Legendary skate brand Supreme turned much of retail on its head a few years ago as it began a rapid expansion despite an otherwise sleepy retail market. Today, it is effectively part of the establishment—and the results of a much-anticipated auction at Christie’s reveal that its special collaborations are just as collectible as fine art.

Entitled Handbags x Hype, the online auction culled together some of the most photographed pieces from Supreme’s partnership with Louis Vuitton in addition to a host of other rare treasures. Included was a Monogram Malle Courrier 90 Trunk that sold for just as much as a one of a kind Himalaya Niloticus Crocodile Birkin 30––a cool $125,000 each. The entire affair exceeded expectations and garnered $2.1 million in sales with Supreme merchandise selling 95 percent of its available offering, according to WWD.

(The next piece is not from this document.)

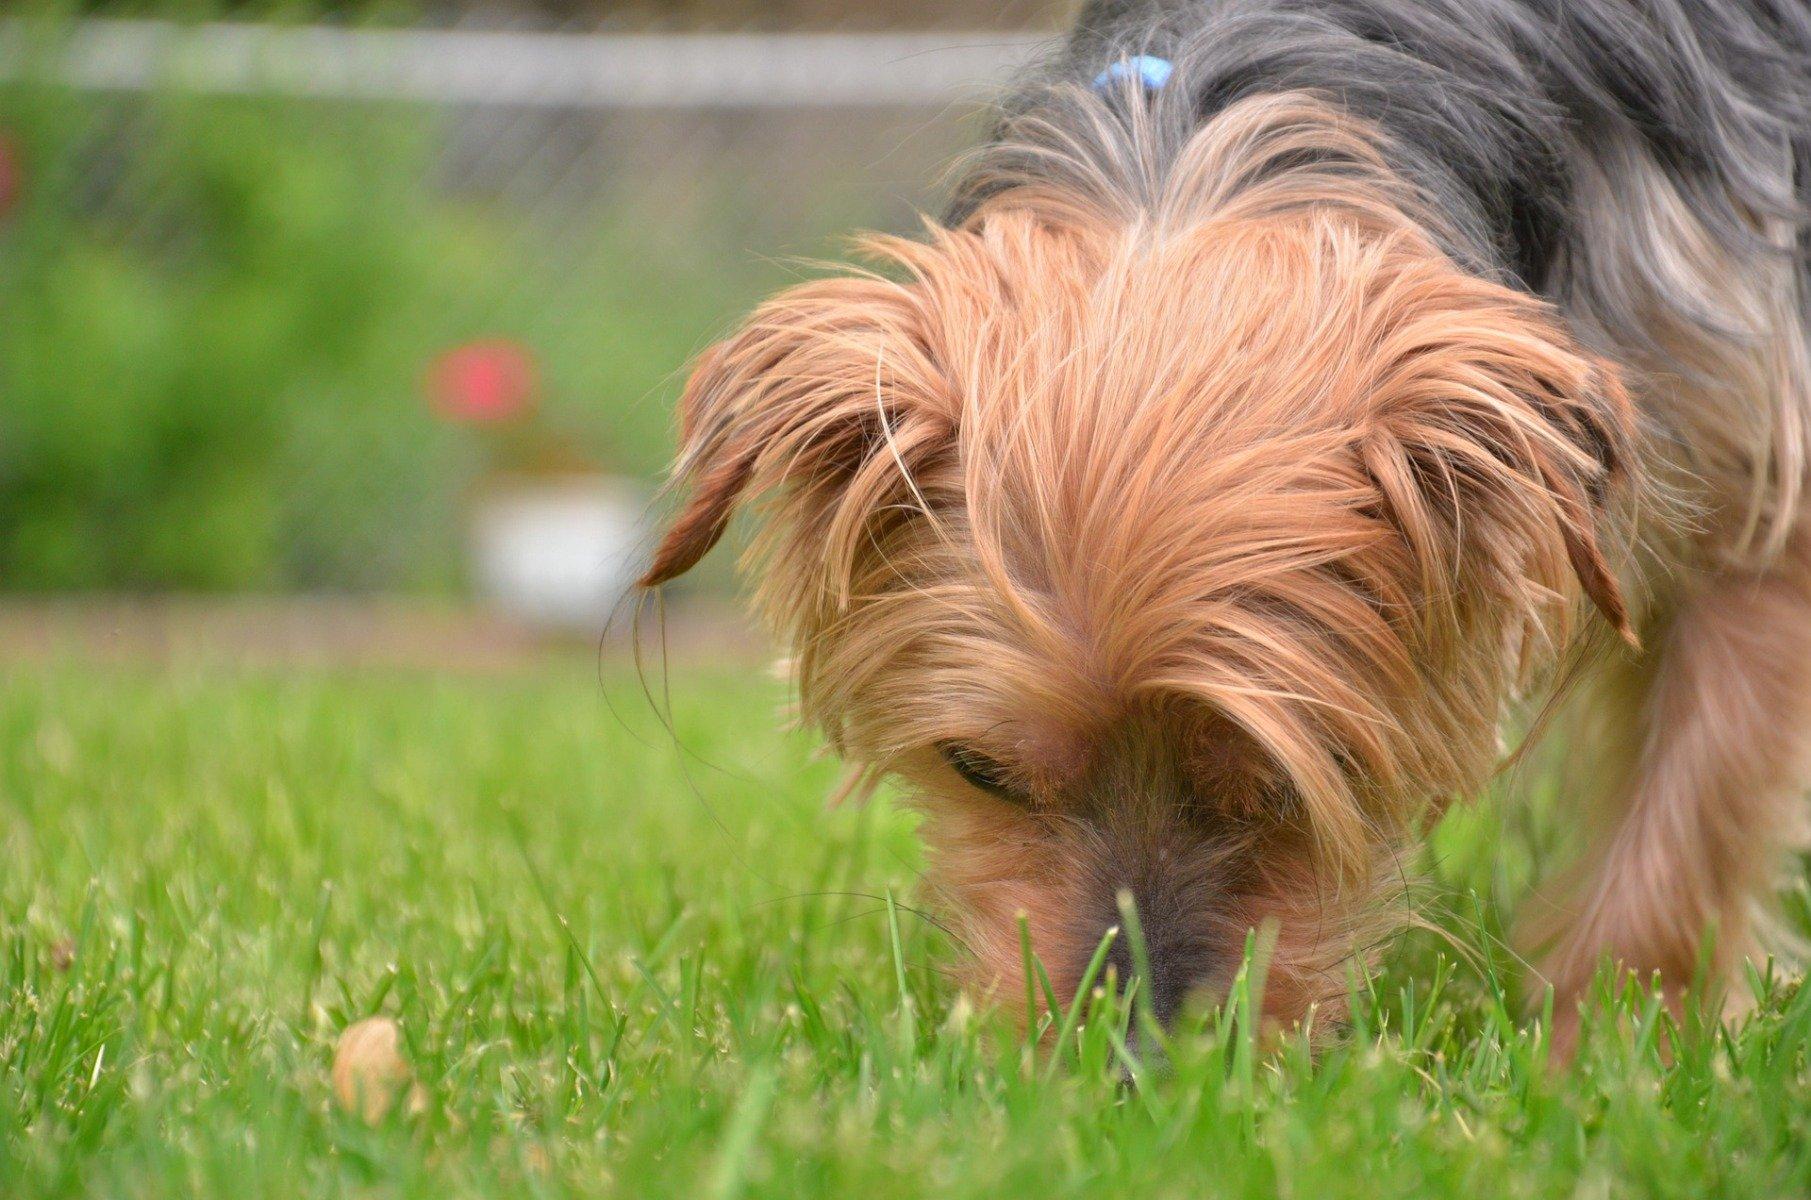 Hund frisst Gras und erbricht

This sale represented the largest collection of Supreme gear Christie’s has ever sold, with stock including everything from its branded Everlast Boxing Group (sold for $17,500) to a set of KAWS-designed skateboards (sold for $32,500, a price four times their initial estimate).

“This auction successfully captured luxury as it is defined today and we were delighted to see the wide range of global participation with bidders from the U.S., Asia, Europe, and the Middle East,” said Caitlin Donovan, head of sale for handbags and accessories at Christie’s. Essentially, the sizable sum generated by the sale represents a shift in what modern consumers are seeking. It should be noted that after a series of blockbuster fashion exhibitions put on over the past several years, the market for fashion at auction has heated up substantially with museums, private collectors and investors eyeing the most hard-to-find gems.

In the same vein, the fruitful outcome of this sale further cements athletic gear and handbags as legitimate categories for collectors. Fashion at auction once took a noticeable back seat to fine art, but that is quickly changing. And, as this one example demonstrates, bidders are clamoring for items that extend well past the traditional parameters of ballgowns that once dominated the genre.

Sotheby’s hosted a similar auction over the summer that focused on rare sneakers. One pair from Nike made for the 1972 Olympic trials went for $437,000. It all makes us pretty confident there’s more to come.